How Pancreatic Cancer Hijacks Tissue to Spread: The Periostin Pathway
Pancreatic cancer's lethality stems from its ability to spread early and stealthily. A groundbreaking 2026 study reveals how the tumor reprograms its microenvironment using a protein called periostin. This process facilitates nerve invasion, creates a protective fibrous barrier that resists treatment, and paves the way for metastasis. Understanding this mechanism opens new avenues for targeted therapies aimed at blocking invasion before it starts, offering hope for improving the dire prognosis associated with this aggressive disease.
Pancreatic cancer remains one of the most formidable challenges in oncology, notorious for its aggressive spread and poor survival rates. A pivotal 2026 study published in Molecular and Cellular Endocrinology has illuminated a critical mechanism behind this lethality. Researchers discovered that pancreatic tumors actively reprogram their surrounding tissue, using a specific protein to invade nerves and create a fortress-like barrier. This revelation not only explains why the disease is so difficult to treat but also points to a promising new target for intervention.
The Deadly Dynamics of Pancreatic Adenocarcinoma
The most common form, pancreatic adenocarcinoma, originates in the glandular cells. It accounts for approximately 90% of cases and is characterized by a death rate that nearly matches its diagnosis rate. Globally, this translates to about 510,000 new cases and a similar number of deaths annually. In Brazil, where the research was conducted, estimates indicate 11,000 new cases and 13,000 deaths each year. "It's an aggressive cancer that's difficult to treat. Around 10% of patients have a chance of long-term survival," explains study author and oncologist Dr. Pedro Luiz Serrano Uson Junior, highlighting the urgent need for better therapeutic strategies.
Unraveling the Mechanism of Early Spread
The study's core finding centers on a process known as perineural invasion. This occurs when cancer cells infiltrate and travel along nerves, a hallmark of aggressiveness that facilitates metastasis and often causes severe pain. "Perineural invasion is a marker of cancer aggressiveness," Uson states. The research team, led by Carlos Alberto de Carvalho Fraga and principal investigator Helder Nakaya at the Center for Research on Inflammatory Diseases (CRID), used advanced spatial genomics to analyze 24 tumor samples. They found the cancer does not act alone; it co-opts the stroma—the connective tissue surrounding the tumor—turning it from a passive structure into an active accomplice in invasion.

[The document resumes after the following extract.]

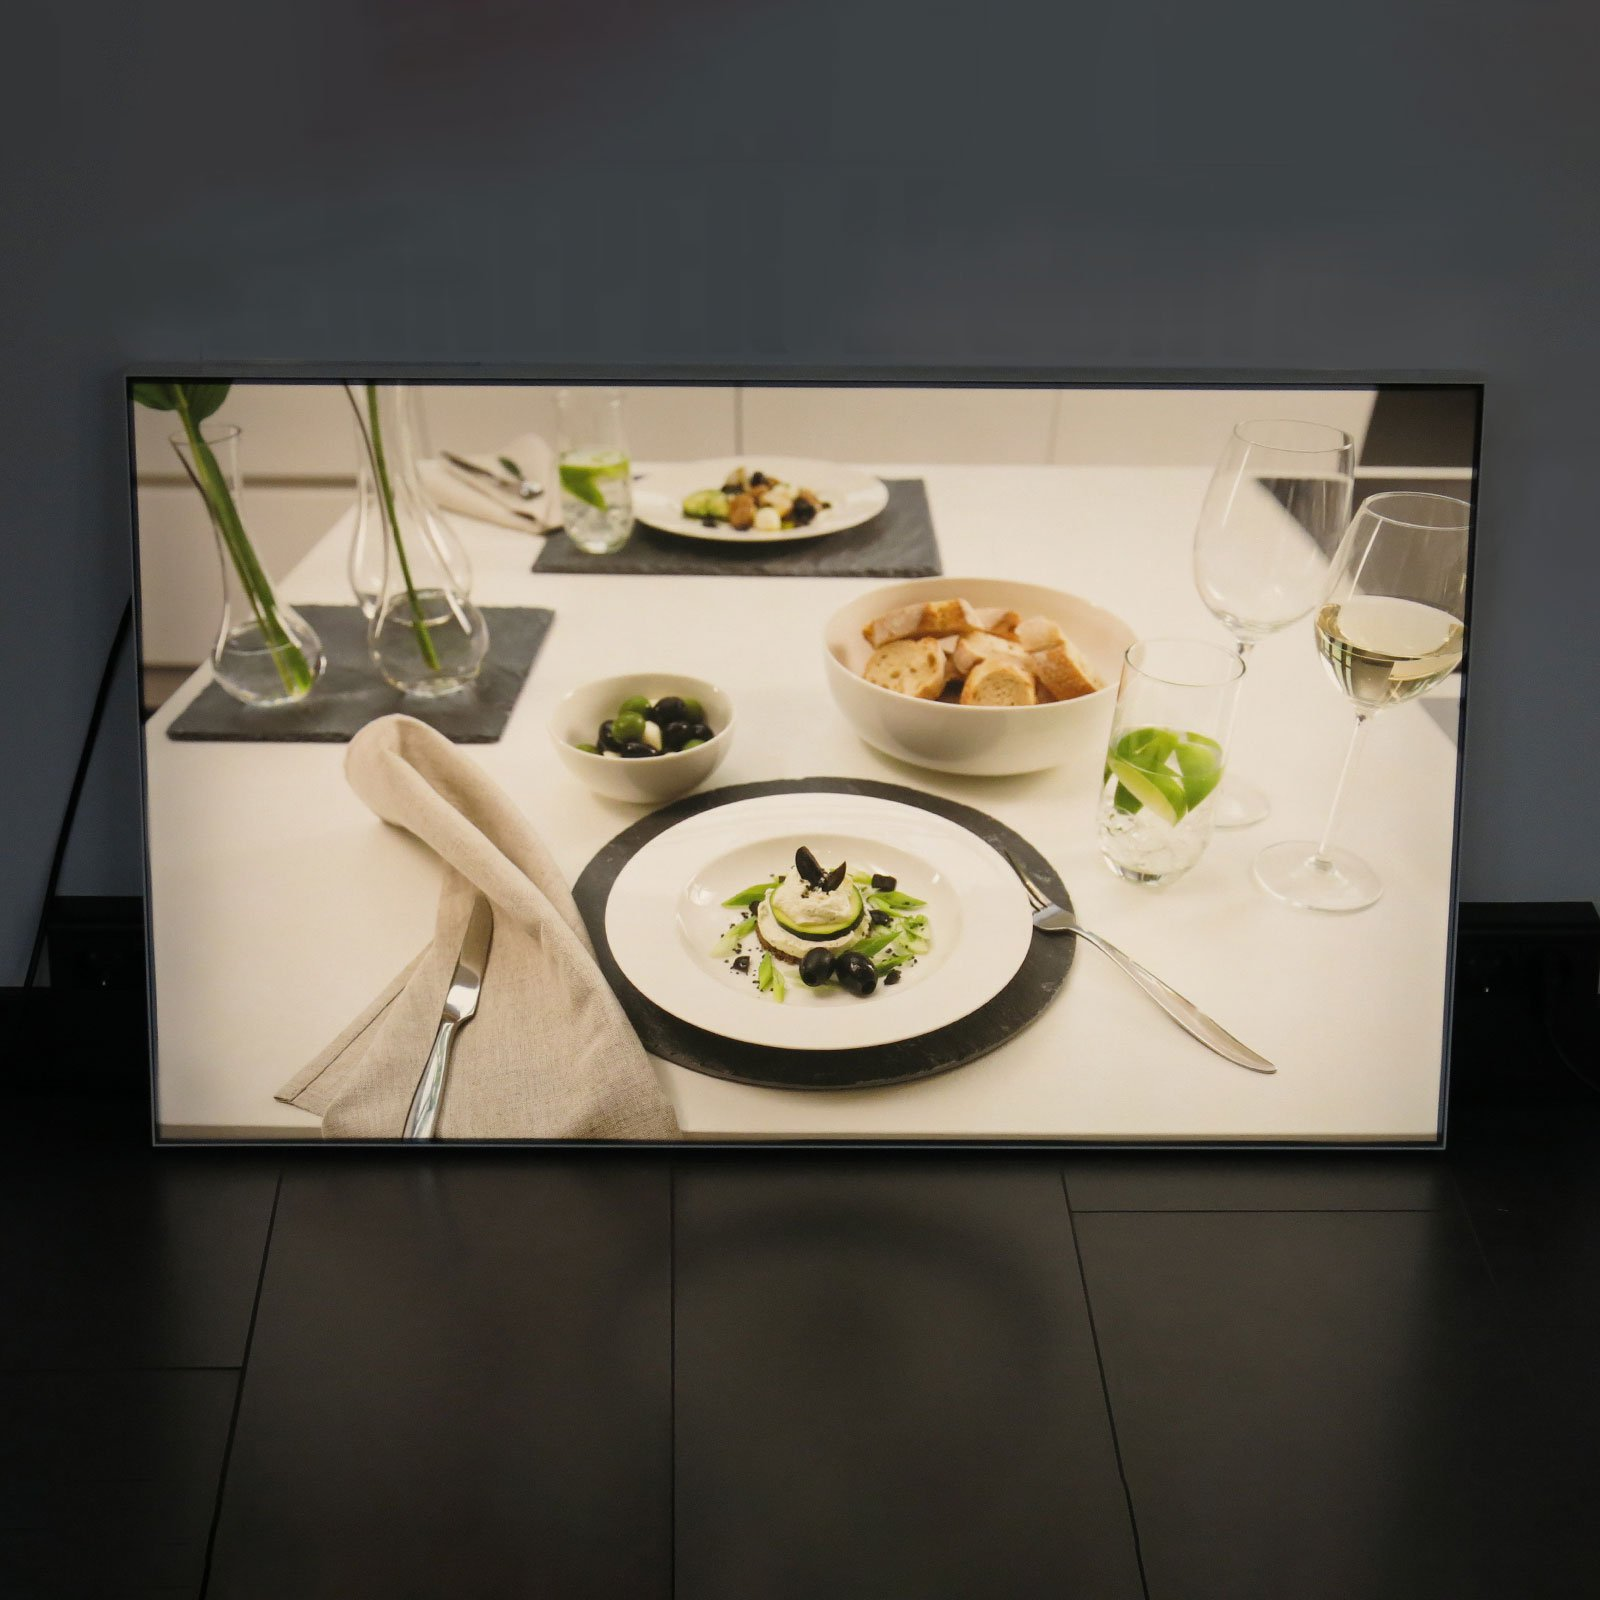 LGA 2x2 Module LED-vegglampe, 62,5 x 62,5 cm

The Key Player: Periostin and Tissue Remodeling
The orchestrator of this hostile takeover is a protein called periostin, produced abundantly by pancreatic stellate cells. Periostin's primary function is to remodel the extracellular matrix—the scaffold that holds tissues together. In the context of cancer, this remodeling becomes destructive. "Periostin participates in this remodeling, paving the way for tumor cells to invade," explains Nakaya. By breaking down and reorganizing the tissue architecture, periostin essentially clears a path for cancer cells to reach nearby nerves, which then act as highways for further dissemination throughout the body.
The Dual Challenge: Invasion and Treatment Resistance
This invasive process triggers a desmoplastic reaction, resulting in the buildup of dense, fibrous tissue around the tumor. This hardened barrier serves a dual purpose: it protects the cancer cells and severely impedes the delivery of chemotherapy and immunotherapy drugs. "That's why pancreatic cancer is still so difficult to treat," Uson notes. The study indicates that more than half of pancreatic cancer cases show signs of this nerve invasion at an early stage, but it is typically only discovered post-surgery, after the spread has already occurred.
A New Frontier in Precision Oncology
The identification of periostin's role presents a tangible new target for therapy. The researchers propose that inhibiting periostin or depleting the stellate cells that produce it could prevent early nerve invasion and slow metastasis. This approach aligns with the shift toward precision medicine. "If we can develop antibodies or drugs that block these stellate cells, we'll have tools to prevent the tumor from acquiring this invasive capacity so early," says Uson. Notably, clinical trials for other cancers are already testing anti-periostin antibodies, which could pave the way for pancreatic cancer applications.
This research, supported by FAPESP, underscores a critical advance. By understanding how pancreatic cancer rewires its microenvironment, the medical community moves closer to developing pre-emptive strategies. The goal is to intercept the disease before it spreads, ultimately transforming the prognosis for patients facing this daunting diagnosis.